如何使用NLTK在python中获取句子列表的通用标签模式 [英] How to get common tag pattern for sentences list in python with NLTK
问题描述
这里有一个句子列表.使用NLTK,我可以标记句子并获得该句子的标记模式.这样就可以得到整个列表的标签模式,但是我想要的是找出大多数句子都可以匹配的常见标签模式,例如:
Here I have a list of sentences.With NLTK I can tag the sentence and get the tag pattern of that sentences. So as like this I can get the tag patterns for the whole list.But what I wanted is to identify the common tag patterns which most sentences get matched.For example:
-
什么是封装
What is encapsulation
tag pattern : {<WP><VBZ><NN>}
你的婚礼怎么样
How was your wedding
tag pattern : {<WRB><VBD><PRP$><NN>}
您今天的计划是什么
What is your plan today
tag pattern : {<WP><VBZ><PRP$><NN><NN>}
因此上述三句话的常用标记模式(结合正则表达式标记器)是:
So the common tag pattern(Combining regexp tagger) for above threes sentences is:
{<W.+><V.+><PRP.?>?<NN>+} - One "Wh" word,one verb,zero or one pronoun,one or many nouns
所以我想将句子的标记模式概括为普通的标记模式.这就是我想做的事情.
So I want to generalize the tag patterns of sentences to common ones.This is the thing what I wanted to do..
那么有人可以告诉我该怎么做吗?
So can someone tell me how to do that?
推荐答案
听起来您正在使用正则表达式(带有量词),该正则表达式将匹配数据中的所有不同标记序列.虽然这不是一个简单的问题, 我怀疑您的目标是找到一种模式来捕获合法句子的序列,对吗?

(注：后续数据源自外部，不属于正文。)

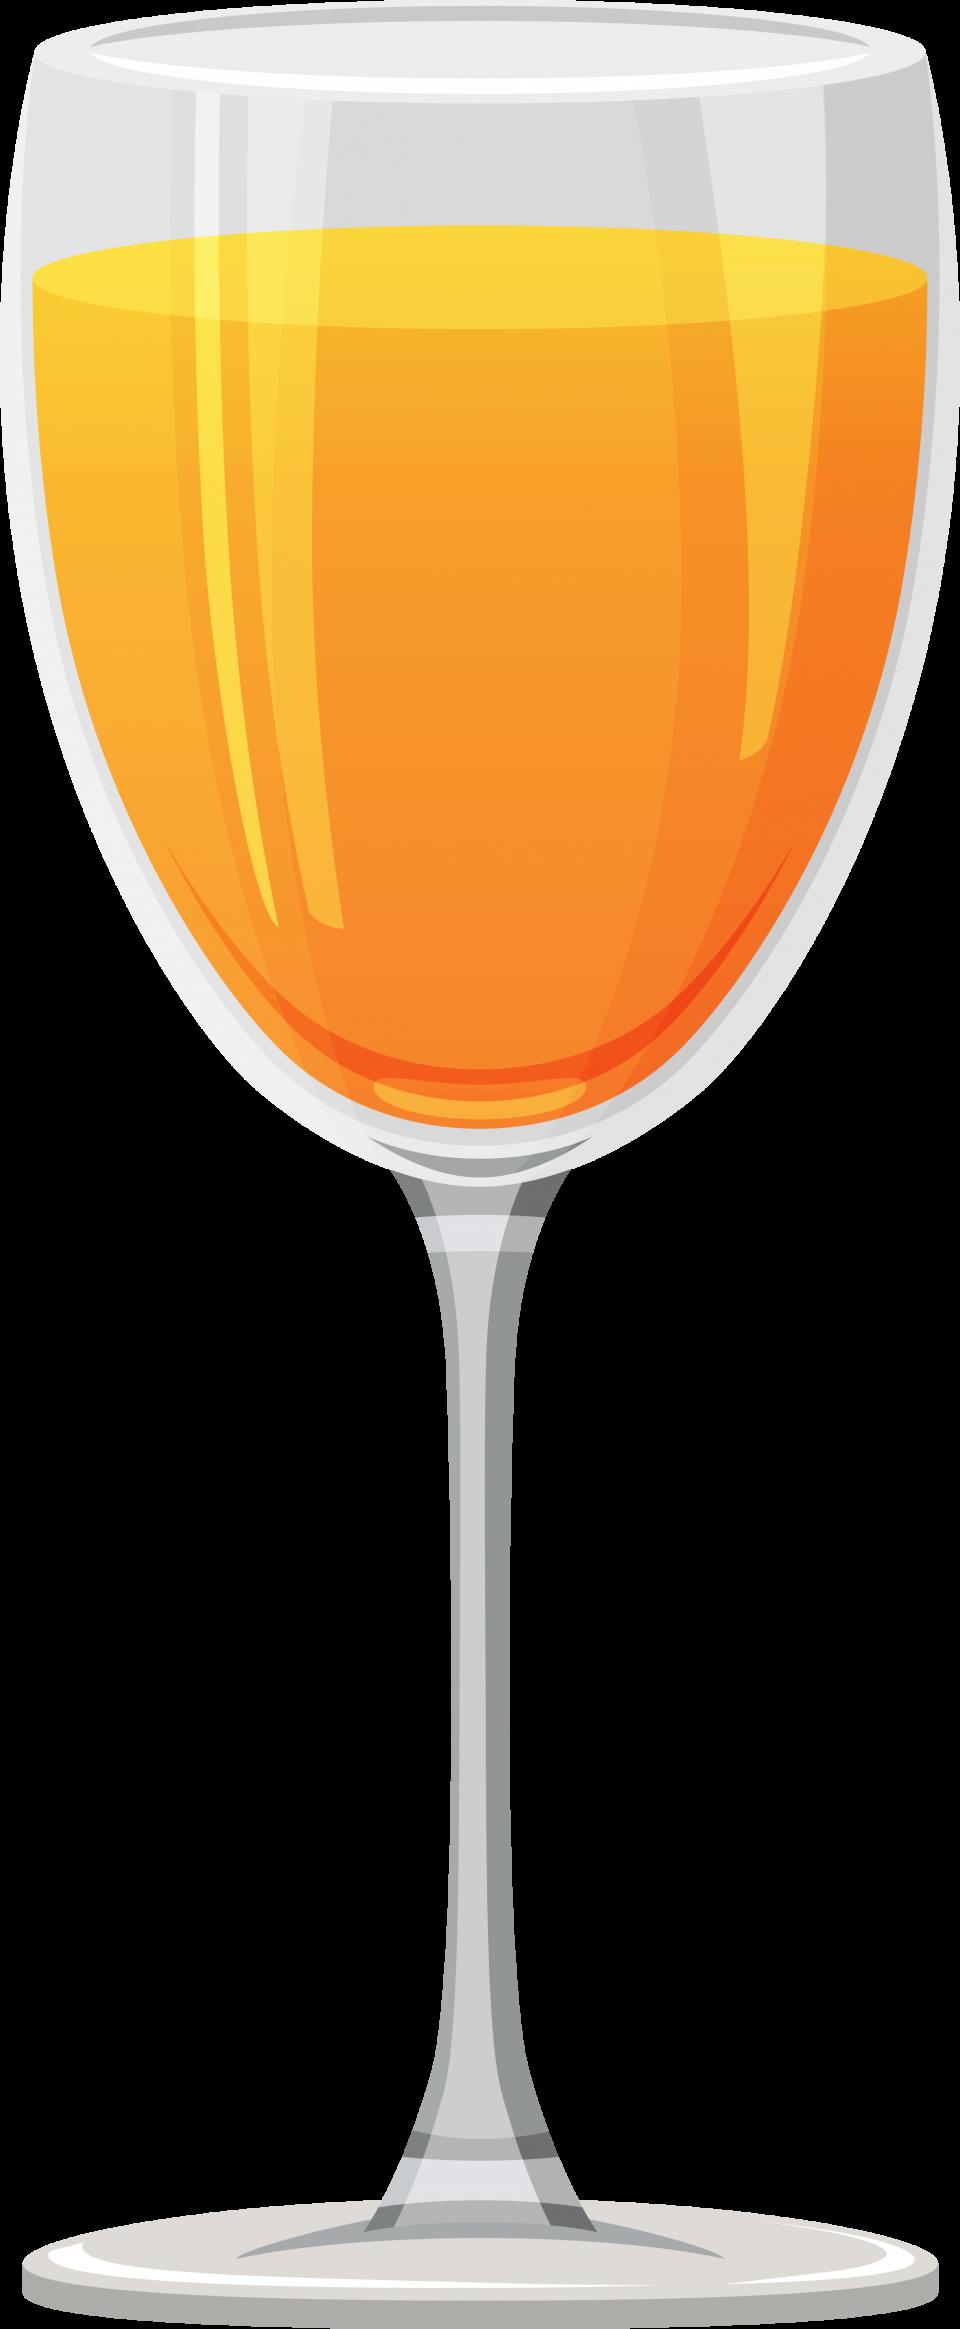 Wine Glass PNG Image - PurePNG   Free transparent CC0 PNG ...

It sounds like you are after a regexp (with quantifiers) that will match all the different tag sequences in your data. While this is not an easy problem, I suspect that your goal is to find a pattern that captures the sequences that are legal sentences, is this right?
如果是这样,则正则表达式(通常是有限状态方法)天生就是用于此工作的错误工具.为了甚至开始刻画句子集合的特征,您需要查看上下文无关的语法.看一下有关该主题的NLTK资料.
If so, regexps (and finite-state approaches in general) are inherently the wrong tool for the job. To even get a start on characterizing your sentence collection, you need to look at context-free grammars. Take a look at the NLTK's materials on the topic.
这篇关于如何使用NLTK在python中获取句子列表的通用标签模式的文章就介绍到这了,希望我们推荐的答案对大家有所帮助,也希望大家多多支持IT屋!